Of course I'm not saying that either of those things happened, nor that they would be easy to accomplish. Hell, maybe they're literally impossible and I just don't understand enough cryptography to know why. Maybe the NIST truly has our best interest at heart this time. I'm just saying that, to me, it doesn't seem impossible for the NIST to ensure that the winner of their cryptography contests is an algorithm that's subtly broken. And given that there's even a slight possibility, maybe distrusting the NIST recommendations isn't a bad idea. They do after all have a history of trying to make the world adopt subtly broken cryptography.
If the NSA has back-pocketed exploits on the LWE submission from the CRYSTALS authors, it's not likely that a purely academic competition would have fared better. The CRYSTALS authors are extraordinarily well-regarded. This is quite a bank-shot theory of OPSEC from NSA.
It's true that nothing is 100% safe. And to some degree, that makes the argument problematic; regardless of what happened, one could construct a way for US government to mess with things.
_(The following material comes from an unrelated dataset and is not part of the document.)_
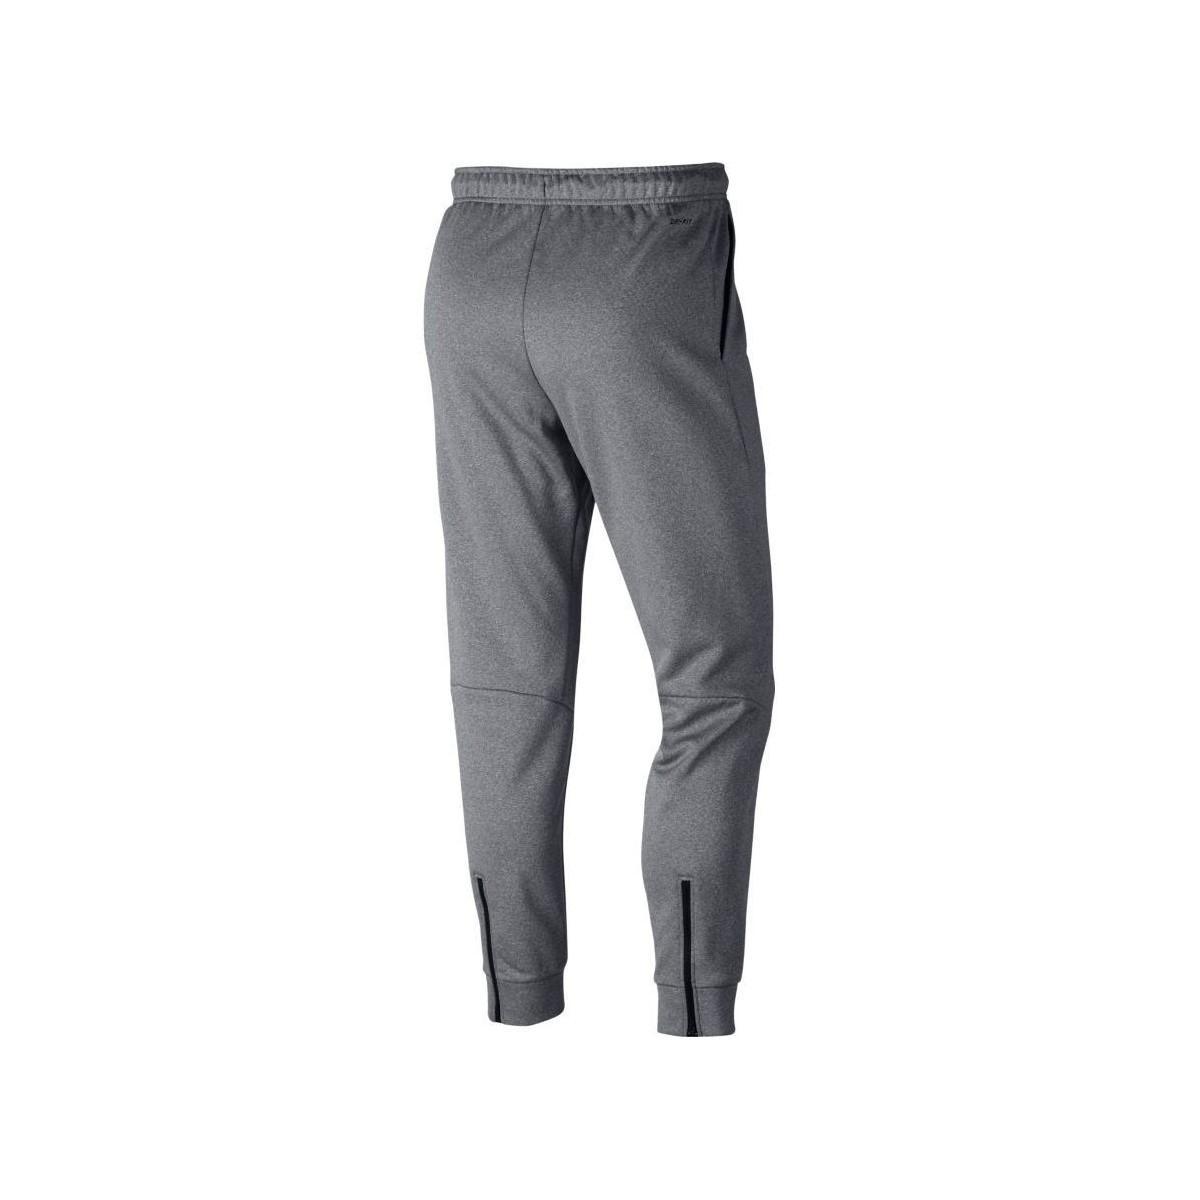 Nike Trainingsbroek Therma Sphere Pant Homme in het Grijs voor heren

If you had competition of the world's leading academic cryptographers with a winner selected by popular vote among peers, how do you know that the US hasn't just influenced enough cryptographers to push a subtly broken algorithm?
But we must also recognize a difference in degree. In a competition where the US has no official influence over the result, there has to be a huge conspiracy to affect which algorithm is chosen. But in the competition which actually happened, they may potentially just need a single plant on one of the strong teams, and if that plant is successful in introducing subtle brokenness into the algorithm without anyone noticing, the NIST can just declare that team's algorithm as the winner.
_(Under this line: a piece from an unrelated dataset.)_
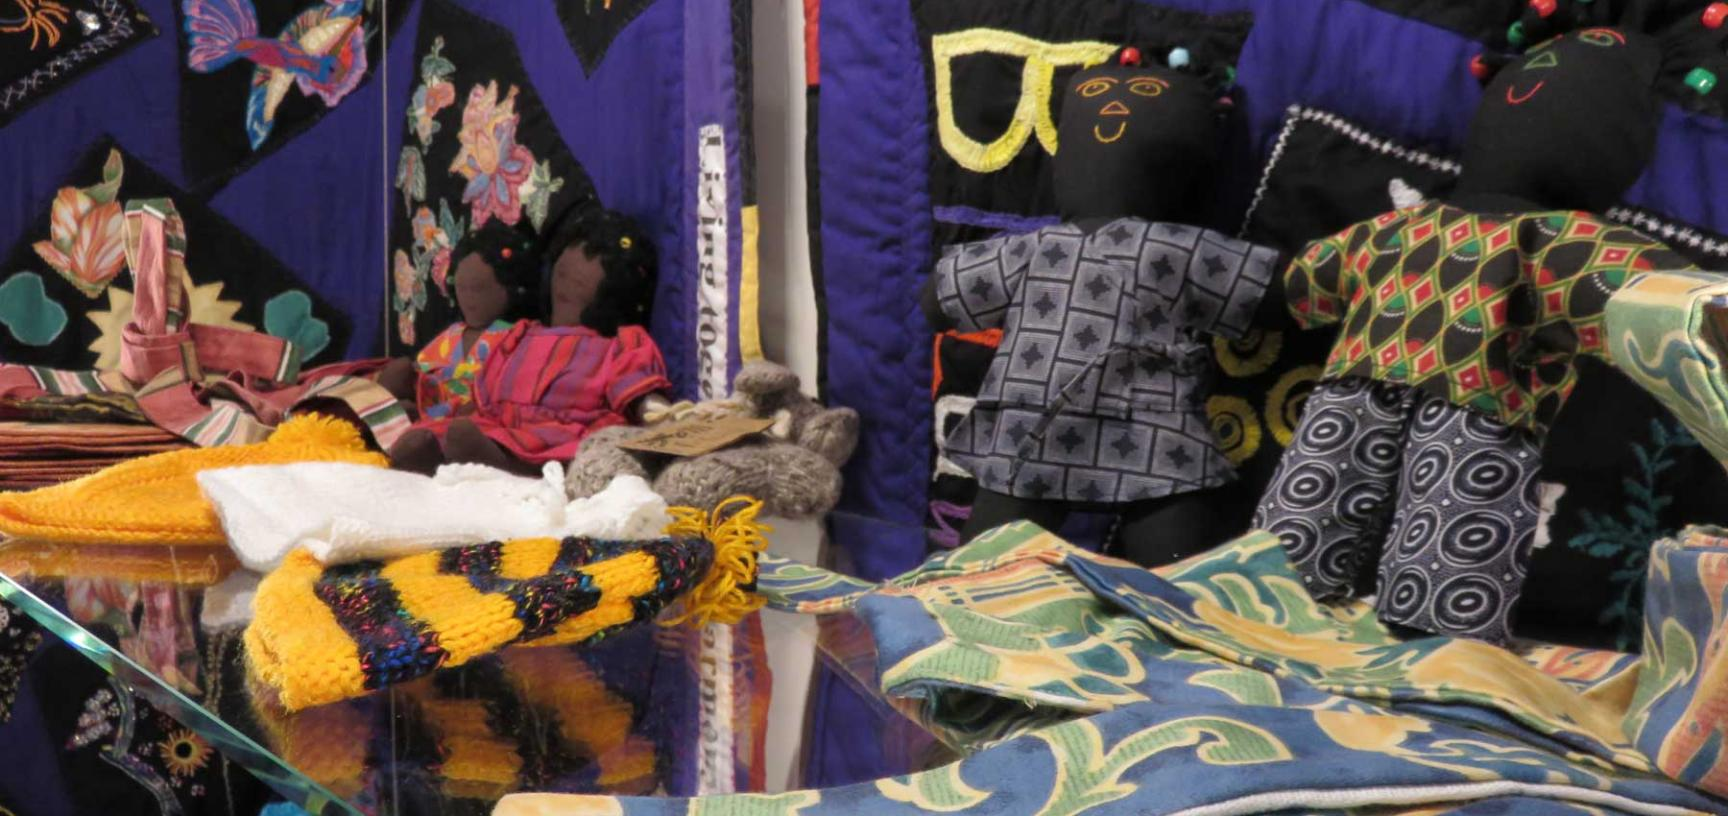 bk luwo display dolls

I think it's perfectly reasonable to dismiss this possibility. I also think it's reasonable to recognize the extreme untrustworthiness of the NIST and decide to not trust them if there's even a conceivable way that they might've messed with the outcome of their competition. I really can't know what the right choice is.
That's an argument that would prove too much. If you believe NSA can corrupt academic cryptographers, then you might as well give up on all of cryptography; whatever construction you settle on as trustworthy, they could have sabotaged through the authors. Who's to say they didn't do that to Bernstein directly? If I'd been suborned by NSA, I'd be writing posts like this too!
You're still not recognizing the difference between corrupting a single academic cryptographer and corrupting a whole bunch of academic cryptographers. This isn't so black and white.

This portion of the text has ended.